ハリスは、こんな例を出しています。言語に関する国際的な研究を実施することになり、世界中の子どもたちの話し方に関するデータを収集することになったとします。被験者として、イギリス上流階級の夫婦とその子ども、イタリア人夫婦とその子ども、ヤノマミ族の夫婦とその子どもというように、世界各国およそ100カ所の親子を対象とします。まず目につくのが親の育て方が子どもの将来を決めるという仮説を裏づける状況です。親の使用言語と子どもの使用言語の間で強い相関関係が認められたのです。
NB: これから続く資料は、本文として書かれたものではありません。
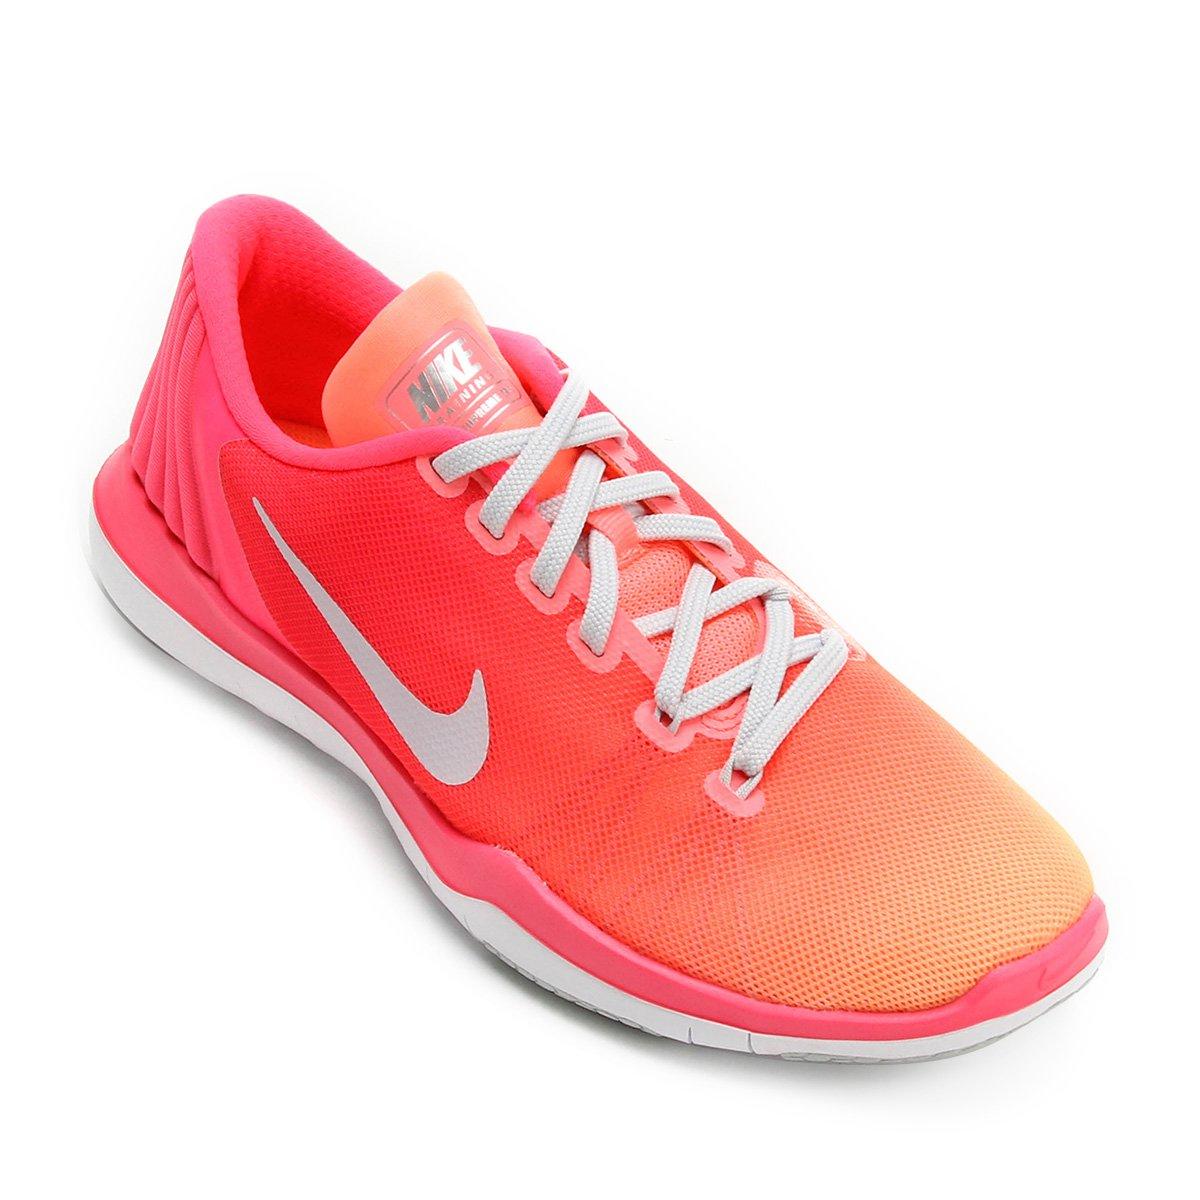 8a778c62d83fe Tênis Nike Flex Supreme Tr 5 Fade Feminino - Compre Agora

なぜこのような結果になったのかというと、親集団から子ども集団への影響と親から子どもへの影響とをはき違えて考えてしまったからなのだとハリスは指摘します。彼女は、これはよくある間違いですが、そこに、遺伝が加わると状况はさらに複雑化すると言います。親に厳しく折檻された子どもは攻撃的になるという説を立証するために、メキンコのサン・アンドレスで調査を行なうことに決めたとします。そこは子どもを殴る親ばかりで、子どももたいへん攻撃的です。サン・アンドレスのような均質な文化においても、家族ごとにばらつきはあります。攻撃性はある程度遺伝的なもので、また親の行動もある程度は子どもの行動に対する反応でもあるため、サン・アンドレスの中でも最も厳しく折檻する親の子どもがもっとも攻撃的になる傾向があるのです。すなわち親の折檻と子どもの攻撃性との間に相関関係が認められることになりますが、その程度は低く、有意ではなかったのです。ハリスは、残念なことと言います。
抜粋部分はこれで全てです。